Hic vir, tantus, talisque, qui vividis ingenii viribus longè genus humanum superabat, a civibus ingratis diu neglectus, magnatum invidiam sæpius, gratiam vix unquam expertus, triginta duos annos latuit in Hiberniâ, nullo ultra decanatum insignitus titulo; quod tamen illi pro votis accidisse inter amicos constat, quippe cui semper in ore erat; non tam referre, quo genere honorum sis ornatus, quam a quibus & inter quos.

Tandem senio, atque intolerandis capitis doloribus confectus, mente, memoria, sensu paulatim deficientibus, jamque penitus extinctis, per quatuor postremos vitæ annos, inter mœrentes amicos mortuus vixit; quem tamen omni laude dignissimum ritè consecrant divina ingenii lumina.
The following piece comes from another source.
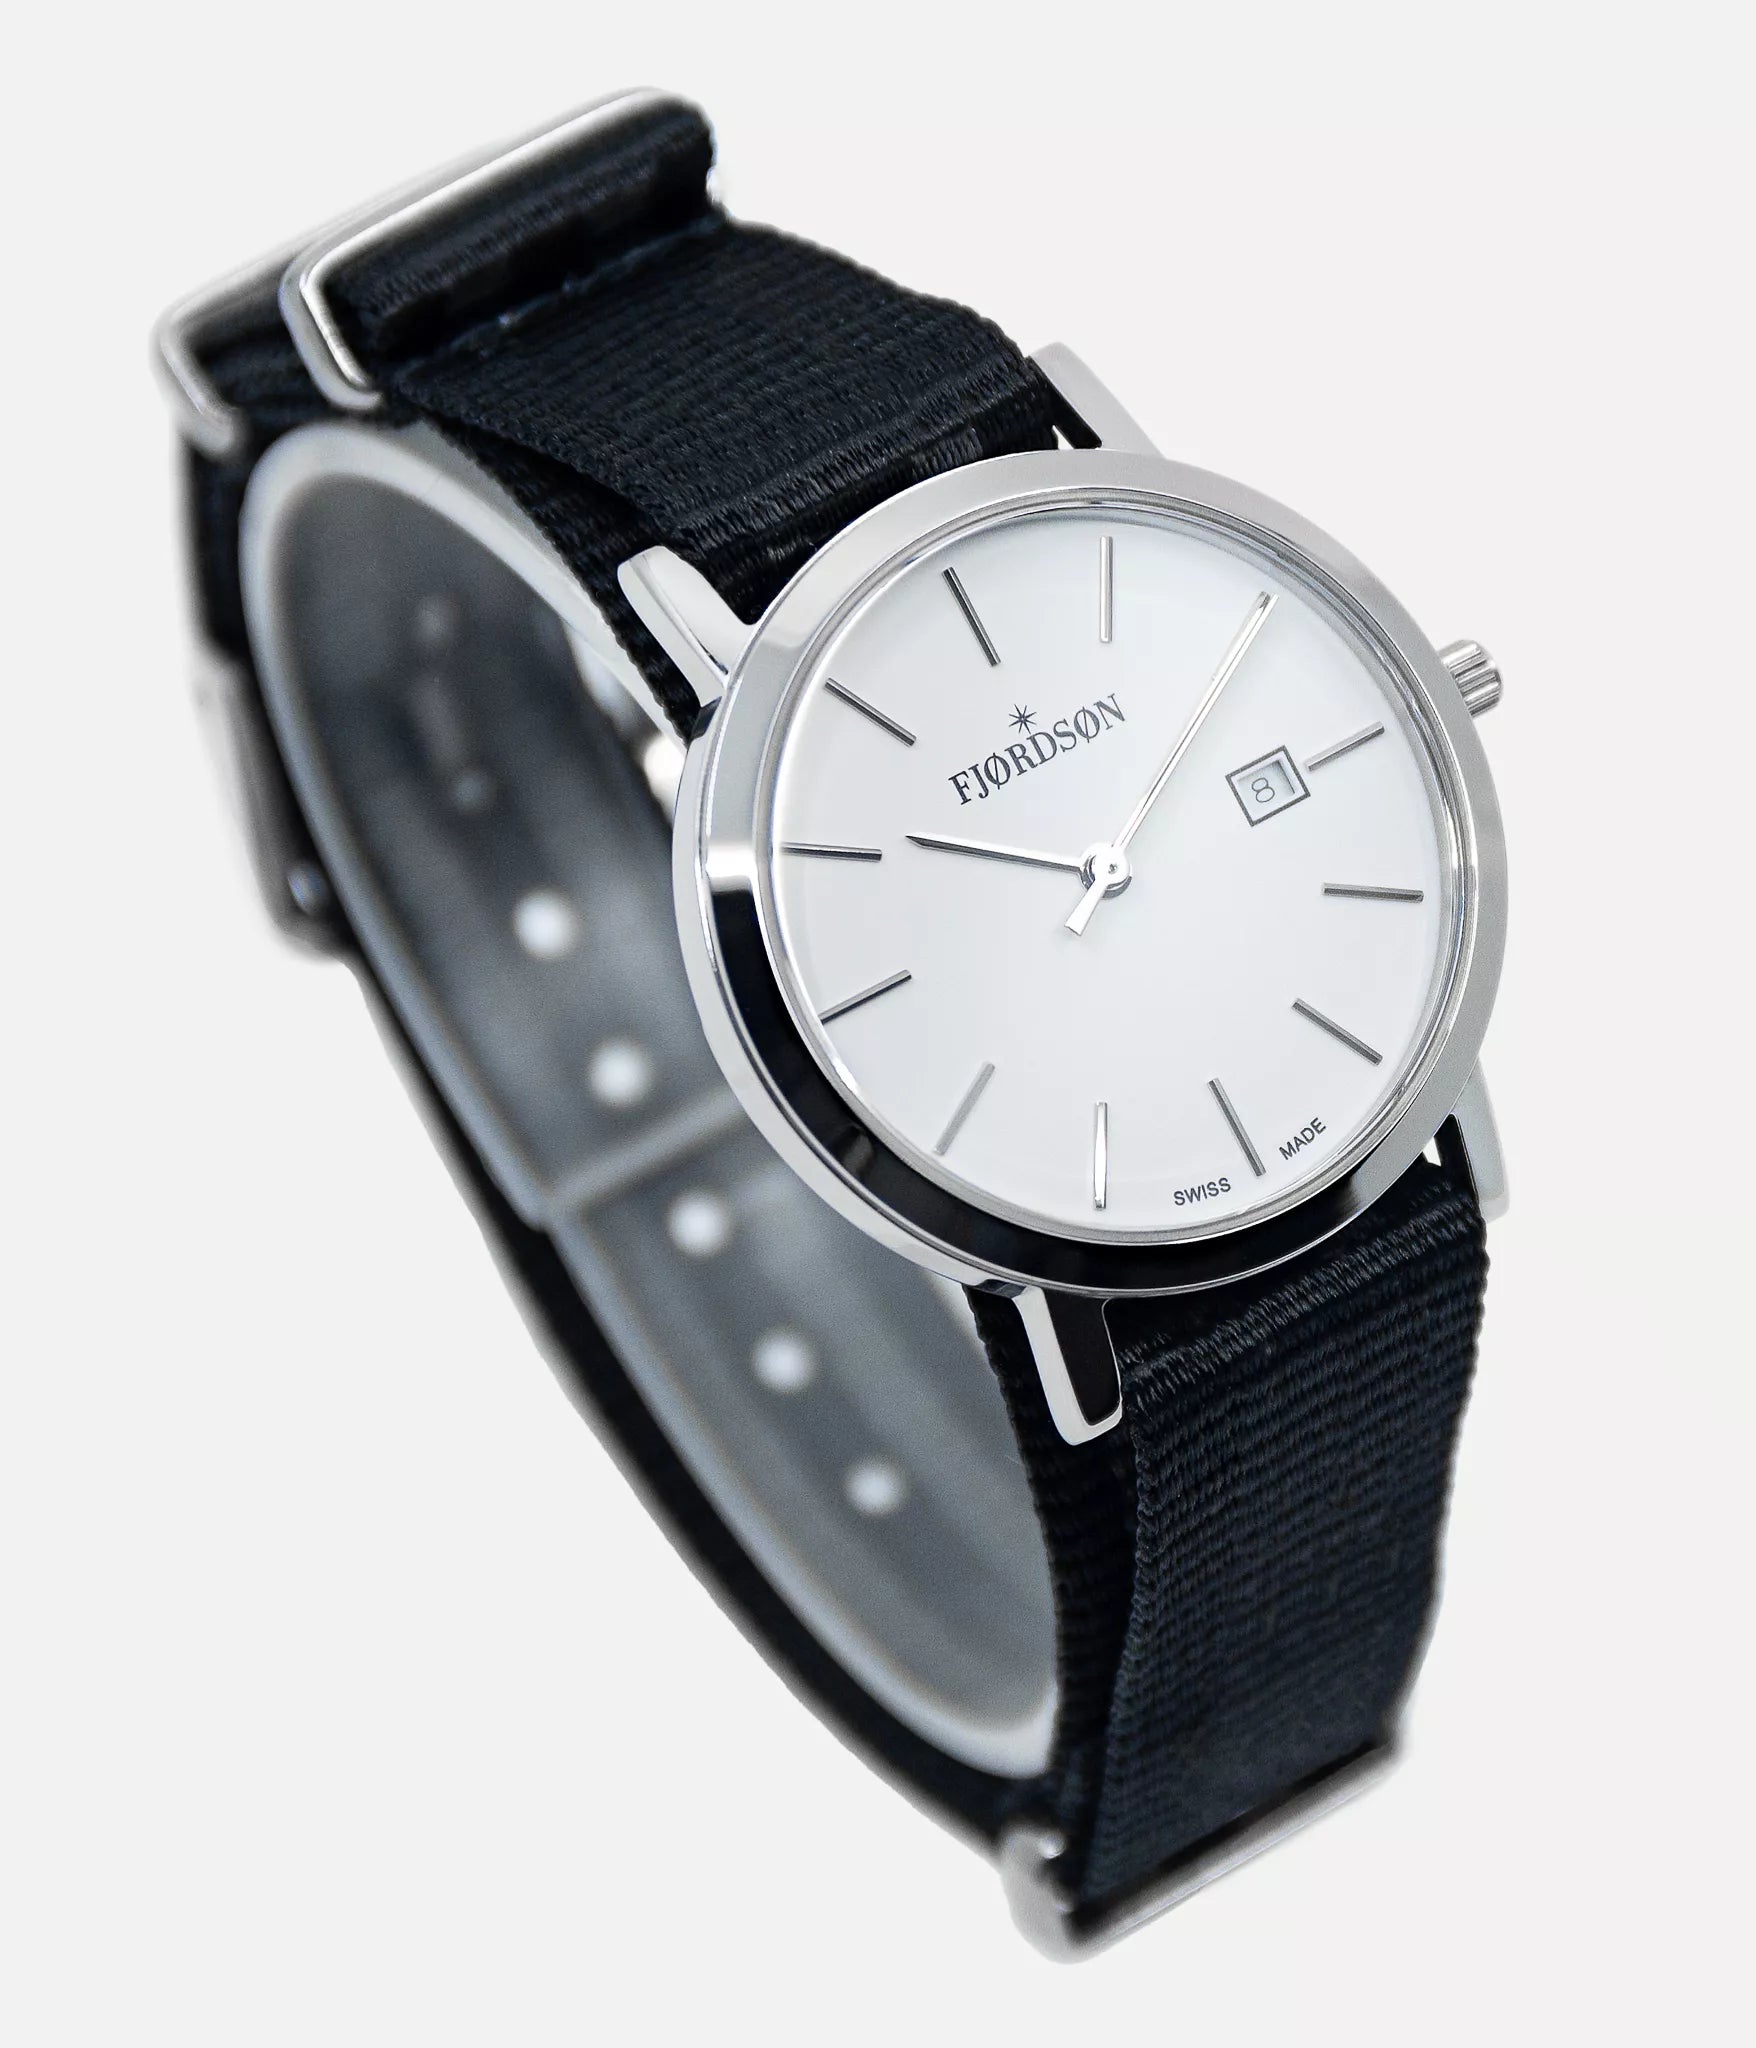 Watch strap on white dial watch shot - Fjordson watch strap 16mm NATO - WOMEN - vegan & approved by PETA - Swiss made

I shall close my account of this extraordinary man, with laying open one leading part of his character, which may serve as a clew to the whole. He was perhaps the most disinterested man that ever lived. No selfish motive ever influenced any part of his conduct. He loved virtue for its own sake, and was content it should be its own reward. The means to arrive at rank, fortune, and fame, the three great objects of pursuit in other men, though all thrown in his way, he utterly despised, satisfied with having deserved them. The same principle operated equally on the author, as on the man; as he never put his name to his works, nor had any solicitude about them, after they had once made their appearance in the world. The last act of his life showed how far he made this a rule of conduct, in his choice of the charity to which he bequeathed his fortune; leaving it for the support of idiots and lunatics, beings that could never know their benefactor.

Upon the whole, when we consider his character as a man, perfectly free from vice, with few frailties, and such exalted virtues; and as an author, possessed of such uncommon talents, such an original vein of humour, such an inexhaustible fund of wit, joined to so clear and solid an understanding; when we behold these two characters united in one and the same person; perhaps it will not be thought too bold an assertion, to say, that his parallel is not to be found either in the history of ancient or modern times.


  1. He was never mentioned by any other title but that of The dean; in the same manner as Aristotle was called The Stagyrite, and Homer The poet.
  2. The mandarins of China, from an absurd custom of letting their nails grow to their utmost extent, as a mark of distinction, are obliged to have all the common offices of life, even to that of feeding them, performed by their domesticks.
  3. It is said the late queen had the curiosity to see this wild man, but was so shocked at the appearance he made, that she ordered him immediately out of her presence.